### Work required
Please reproduce the data exactly and omit the pictures.

### Supplied material

——————

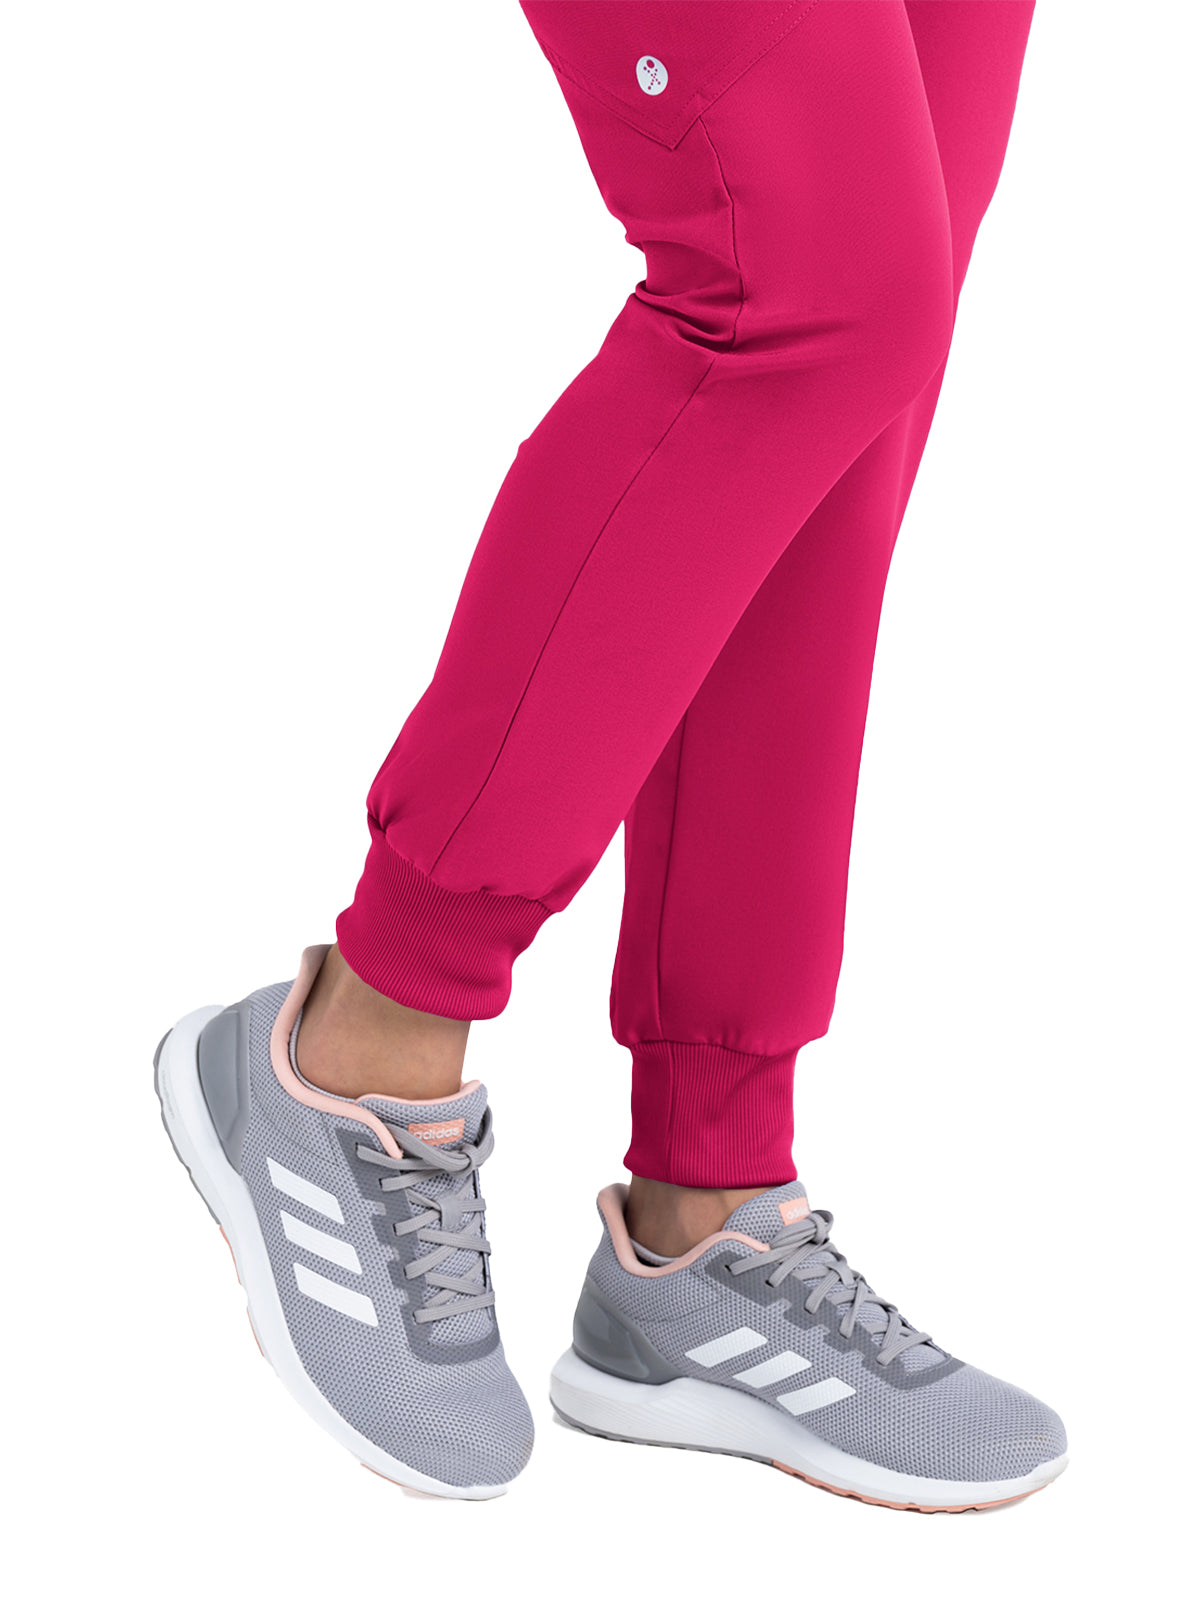 Women's Active Jogger Pant - 1529 - Pink
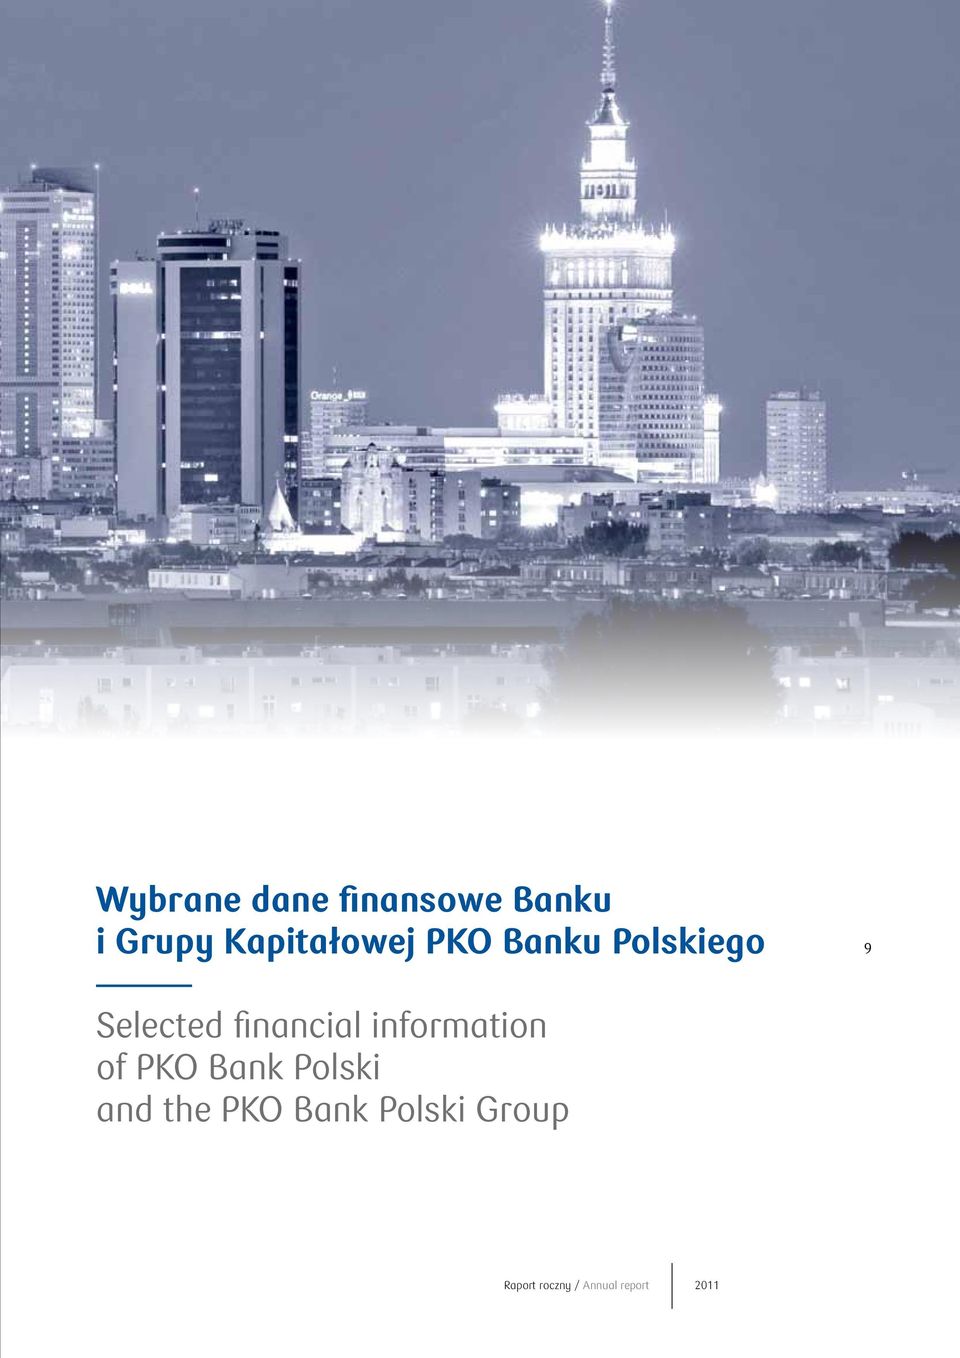 financial information of PKO Bank Polski and
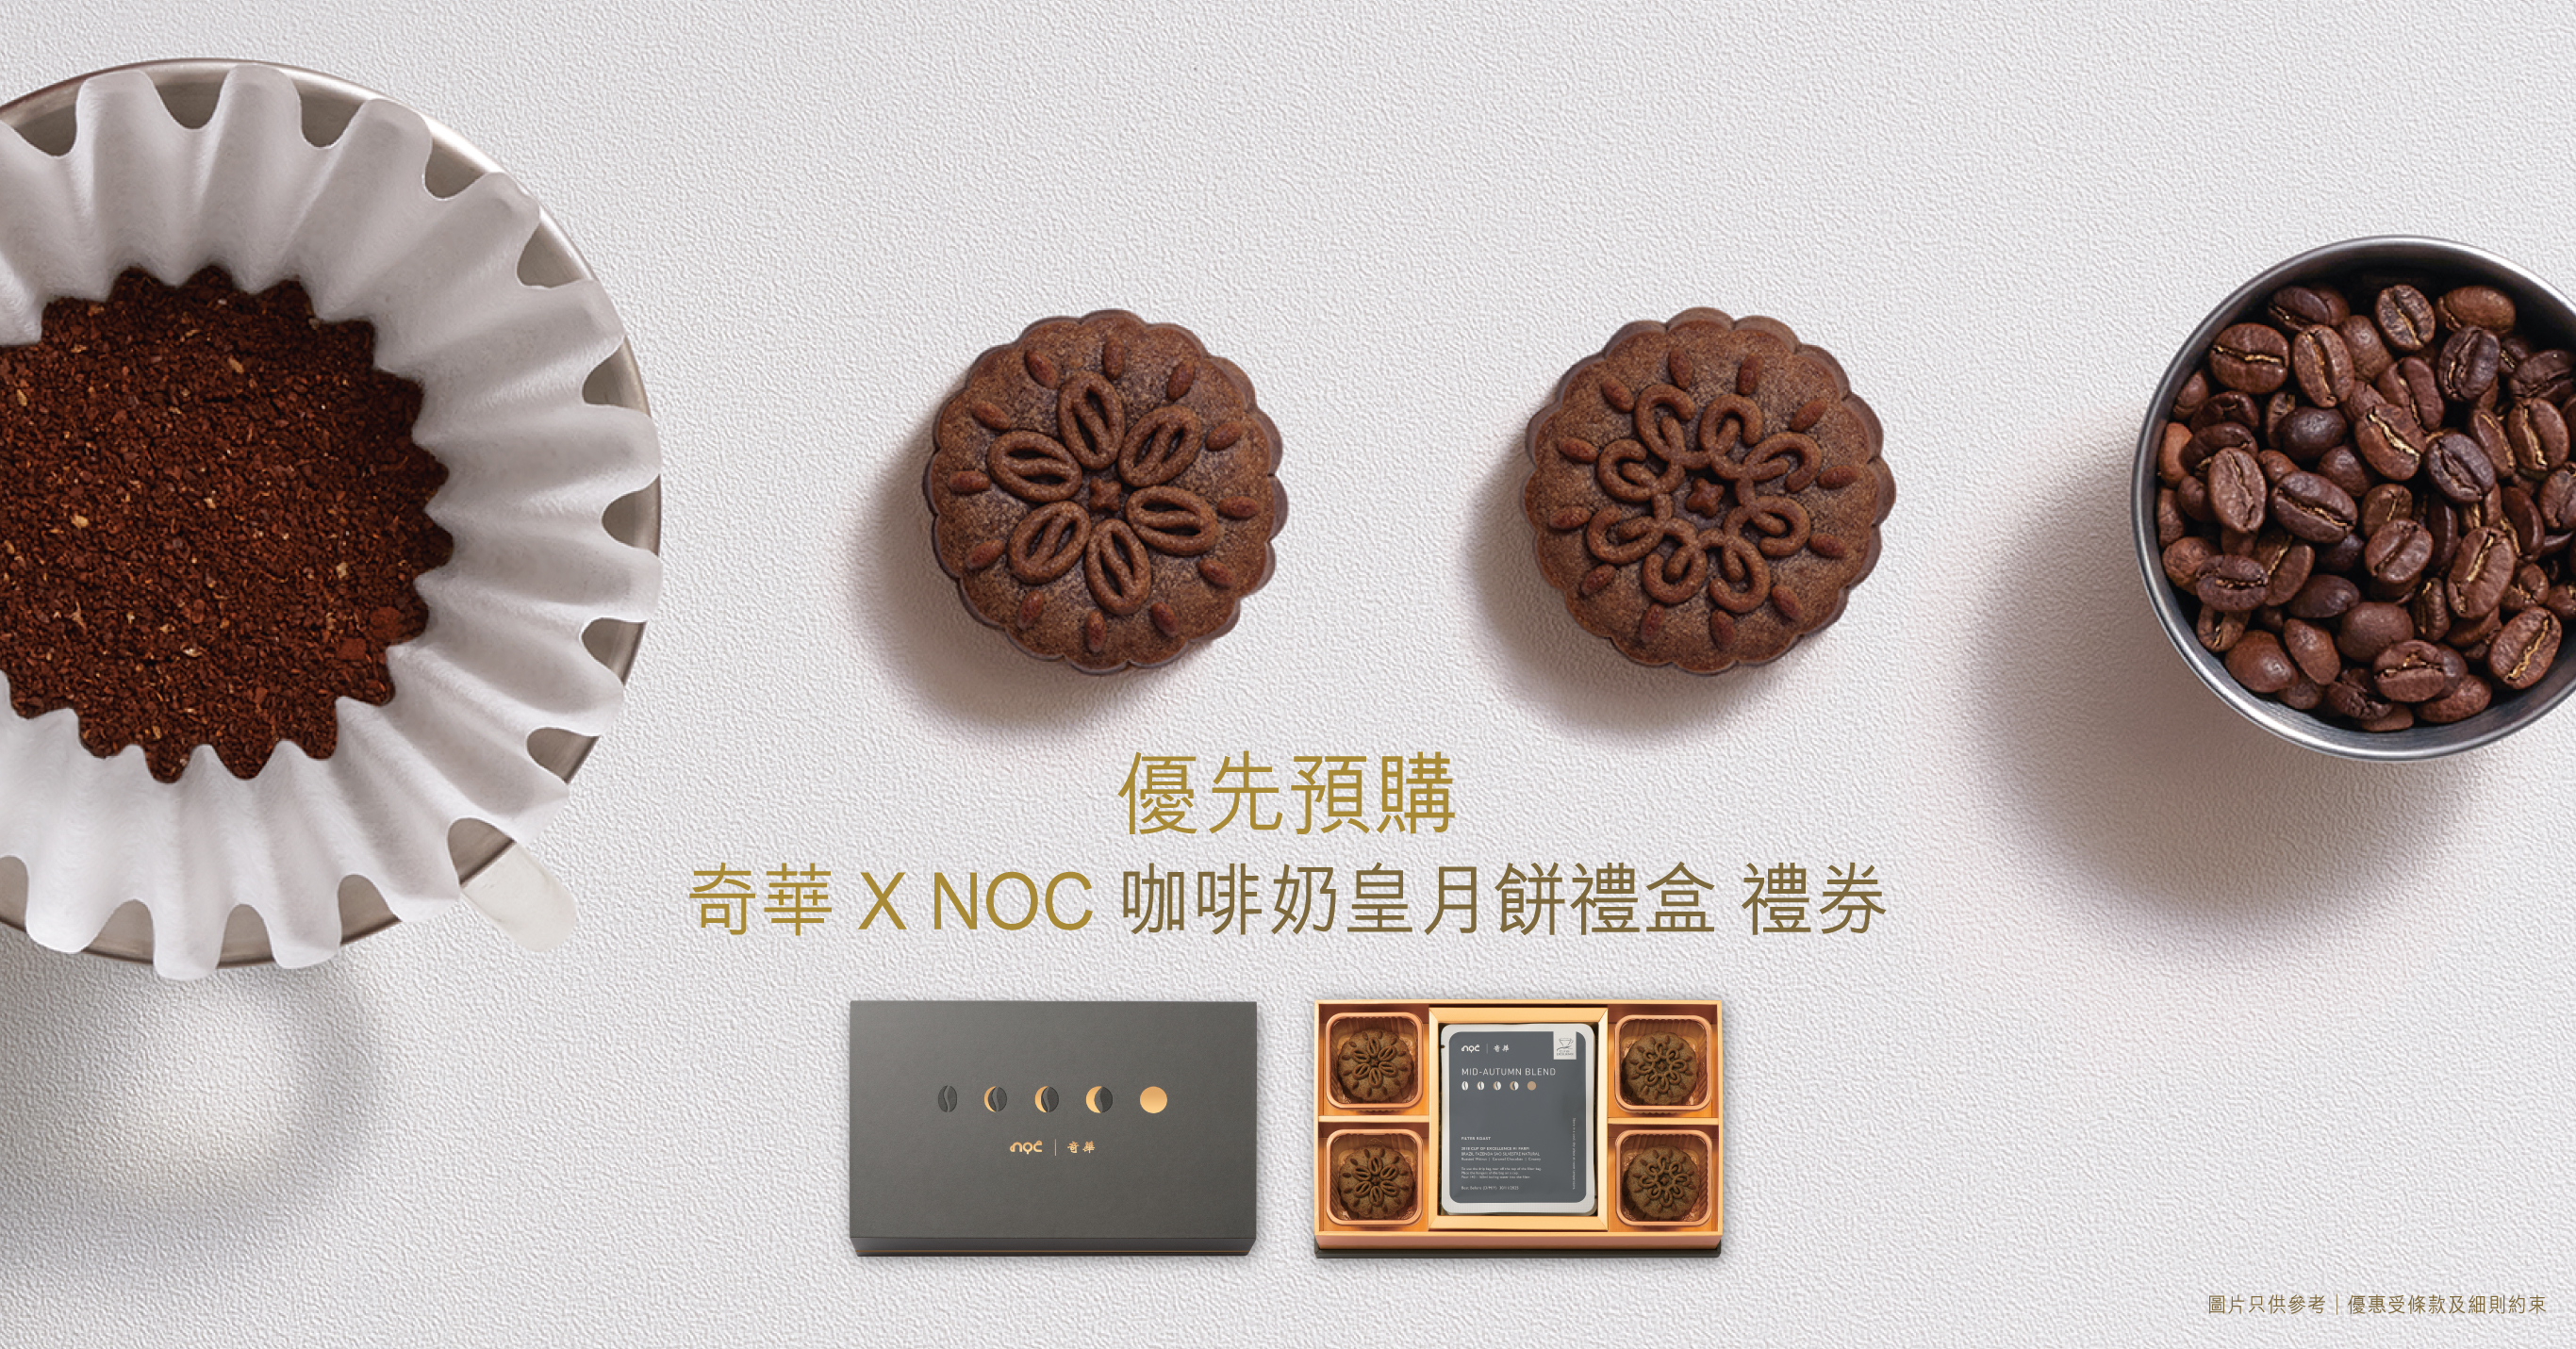 Kee Wah x NOC Assorted Coffee Custard Mooncake Gift Box

——————

### Response
 Women's Active Jogger Pant - 1529 - Pink
 financial information of PKO Bank Polski and
 Kee Wah x NOC Assorted Coffee Custard Mooncake Gift Box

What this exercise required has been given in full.